En medio de uno de los momentos más brillantes en sus cuatro décadas de trayectoria profesional, cuyo próximo paso serán dos shows en el estadio Vélez Sarsfield previstos para el 1 y 2 de abril, Fito Páez festeja este 13 de marzo 60 años de una vida que podría ser reconstruida en todos sus aspectos a través de su profuso y -en su gran mayoría- soberbio repertorio, susceptible de engrosarse aún más a juzgar por sus prolíficos últimos movimientos.

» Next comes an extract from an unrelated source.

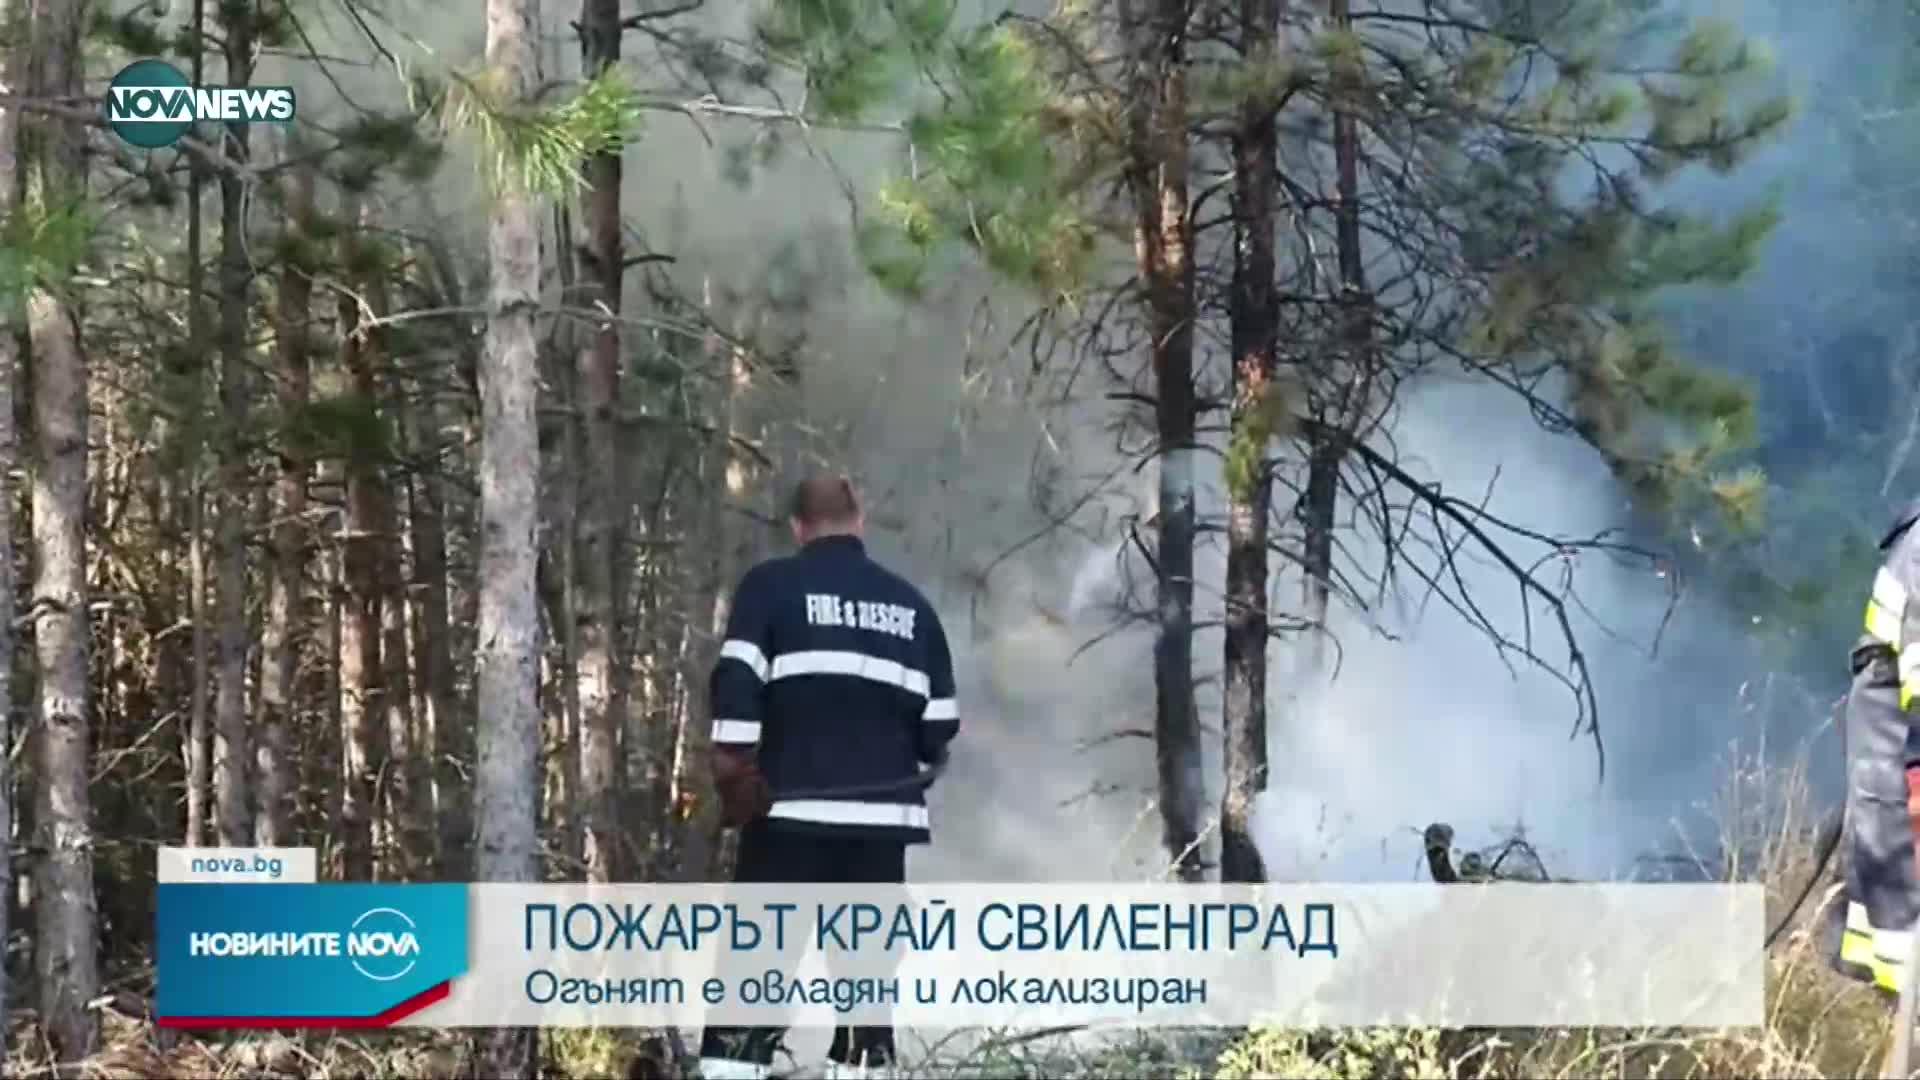 Пожарът в Сакар планина е локализиран и овладян

Pues aunque nunca bajó el ritmo de sus producciones, el artista rosarino se despachó en los últimos tres años, cuando aún no se habían acallado los ecos de su exitoso disco «La ciudad liberada» (2017), con cuatro álbumes -tres de ellos como parte de una trilogía-, mientras ultima los detalles de su nueva versión del aclamado «El amor después del amor», a 30 años de su edición.

La gran particularidad en estos casos en que todos ellos contaron con la aceptación generalizada del público y la crítica, lo que lo llevó a protagonizar multitudinarios conciertos en nuestro país y otras partes del mundo, a encabezar festivales musicales, a la vez que lo hizo acreedor de numerosos premios de la industria, entre los que destaca el Grammy -máximo galardón en la materia- obtenido por «La conquista del espacio» (2020).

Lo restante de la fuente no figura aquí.